▸ **HOW TO COMPLETE THIS TASK**
Given the records underneath, please repeat exactly the lines from the line with "Fruits vegetables pills - 6 UHQ JPEG" through the line with "Listello piallato abete", passing over any picture.

[DATA EXTRACTS — start]

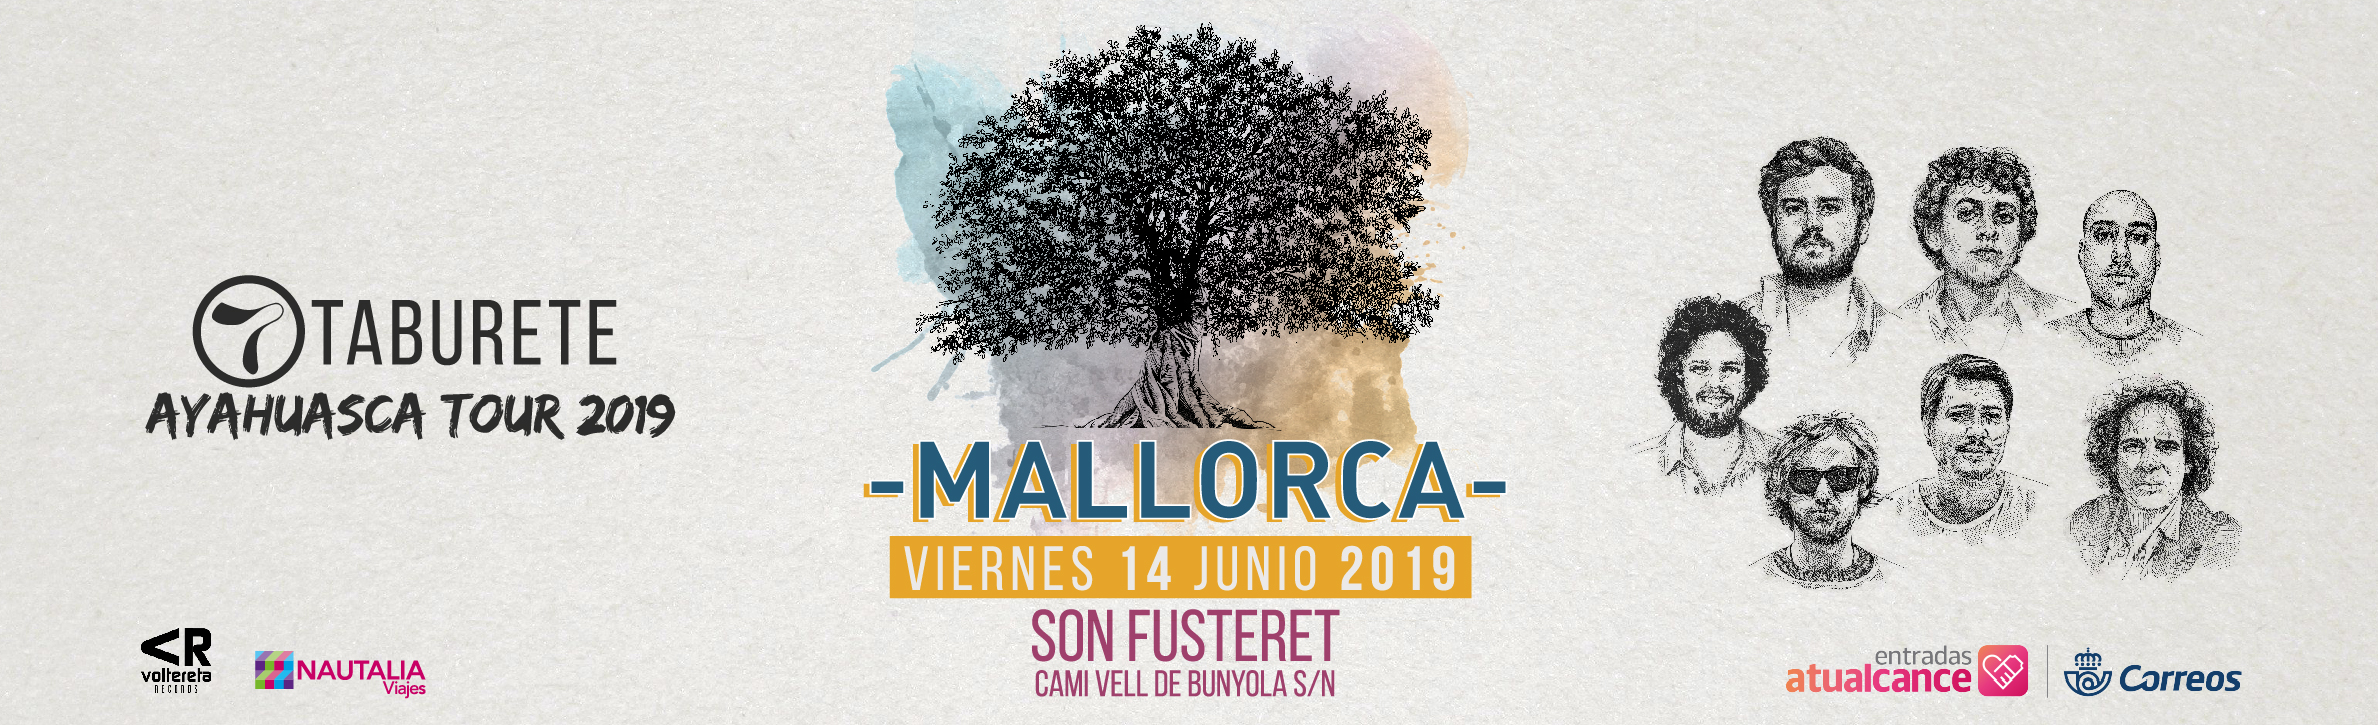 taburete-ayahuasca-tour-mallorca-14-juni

[DATA EXTRACTS — finish]
[DATA EXTRACTS — start]

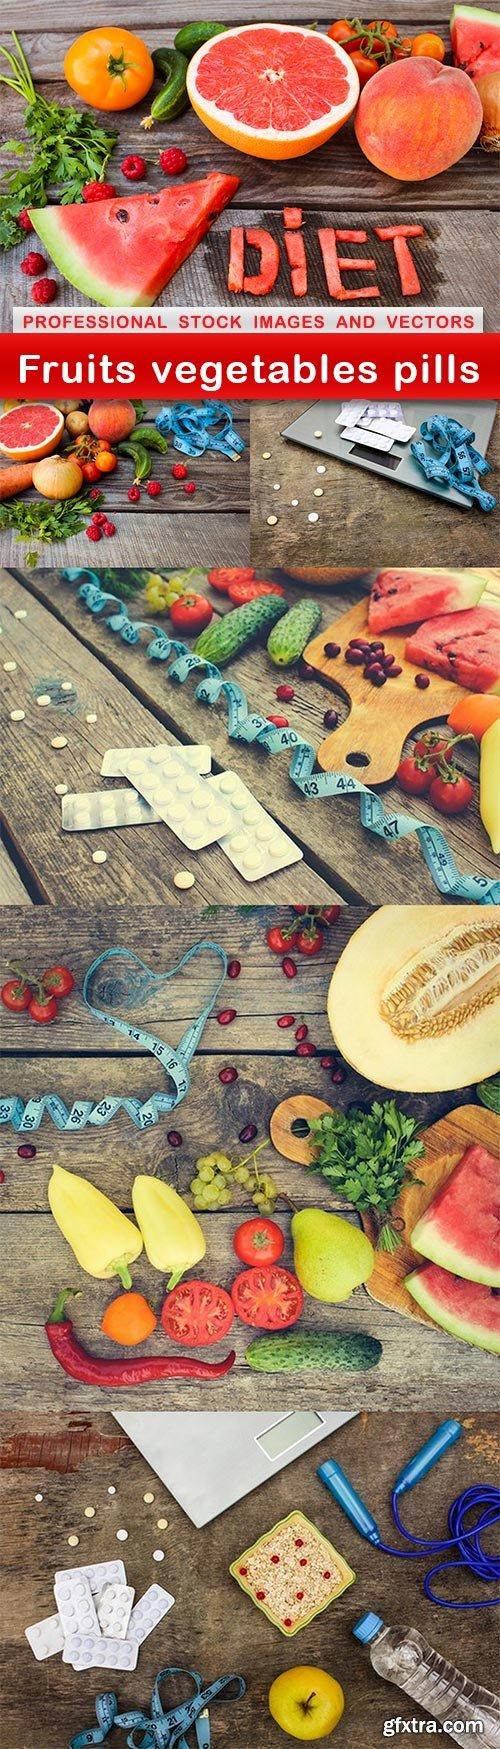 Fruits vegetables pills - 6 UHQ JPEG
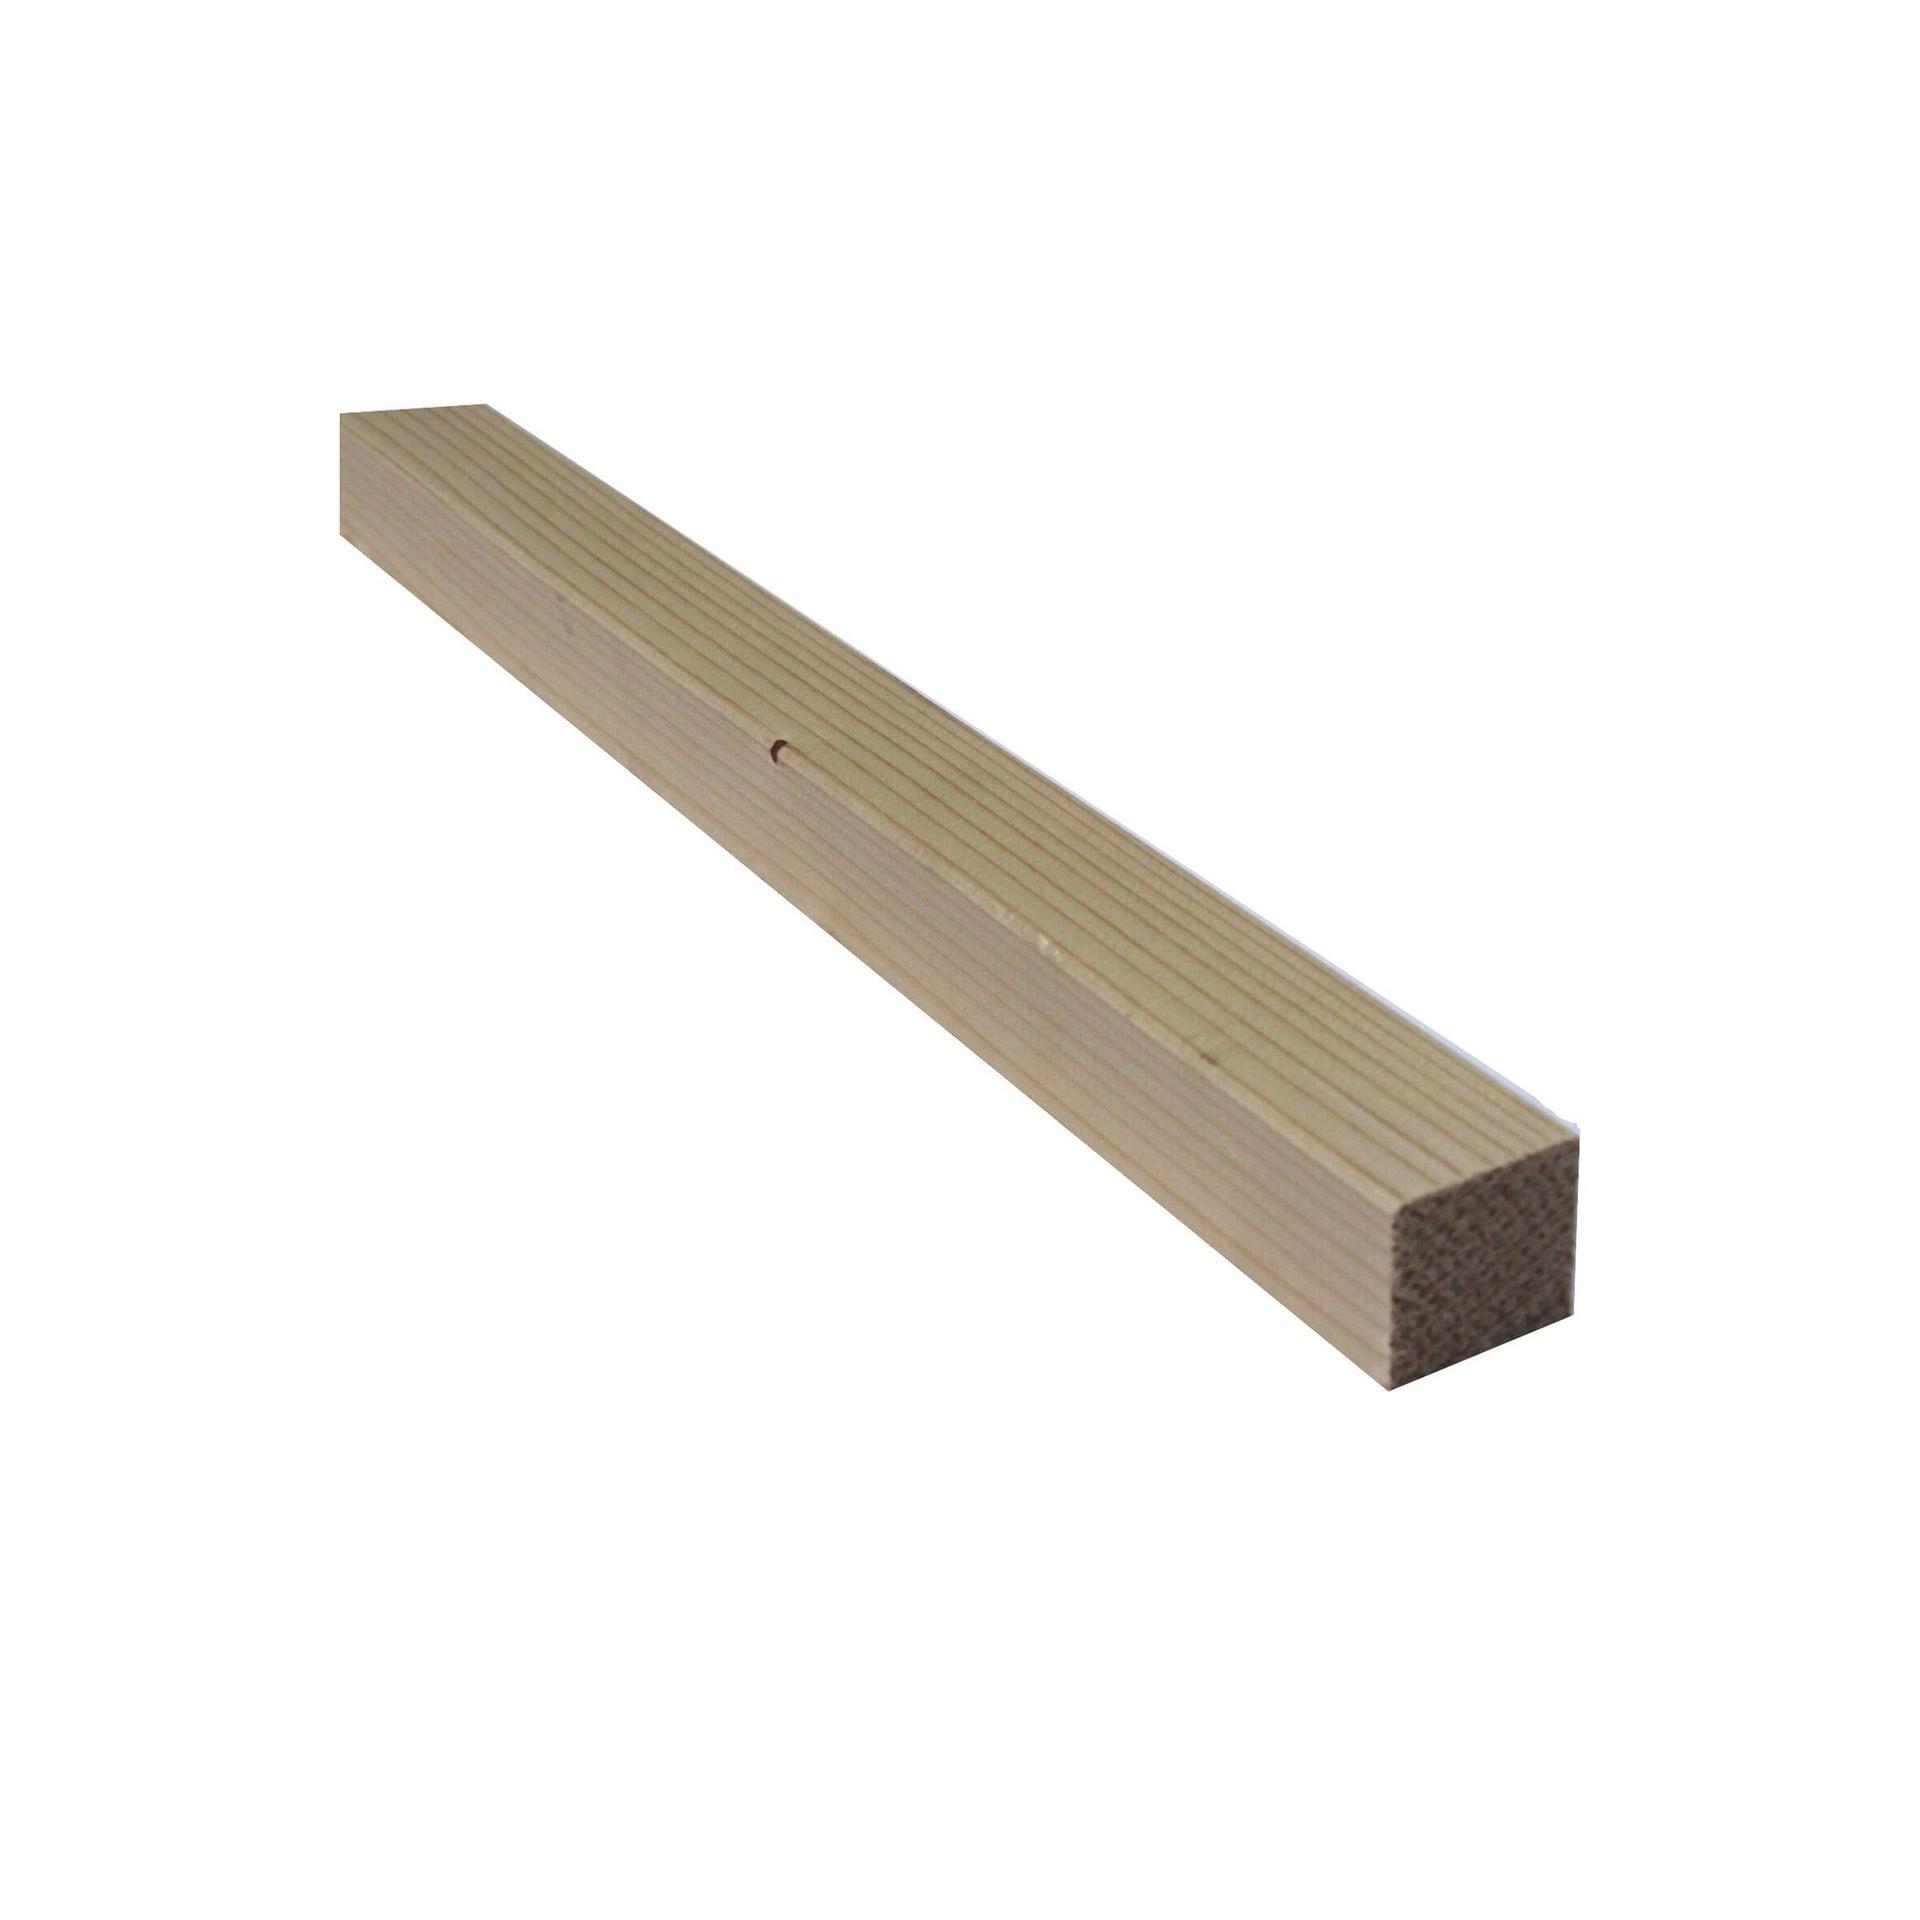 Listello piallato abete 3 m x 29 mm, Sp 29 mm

[DATA EXTRACTS — finish]

▸ **TASK OUTPUT**
 Fruits vegetables pills - 6 UHQ JPEG
 Listello piallato abete 3 m x 29 mm, Sp 29 mm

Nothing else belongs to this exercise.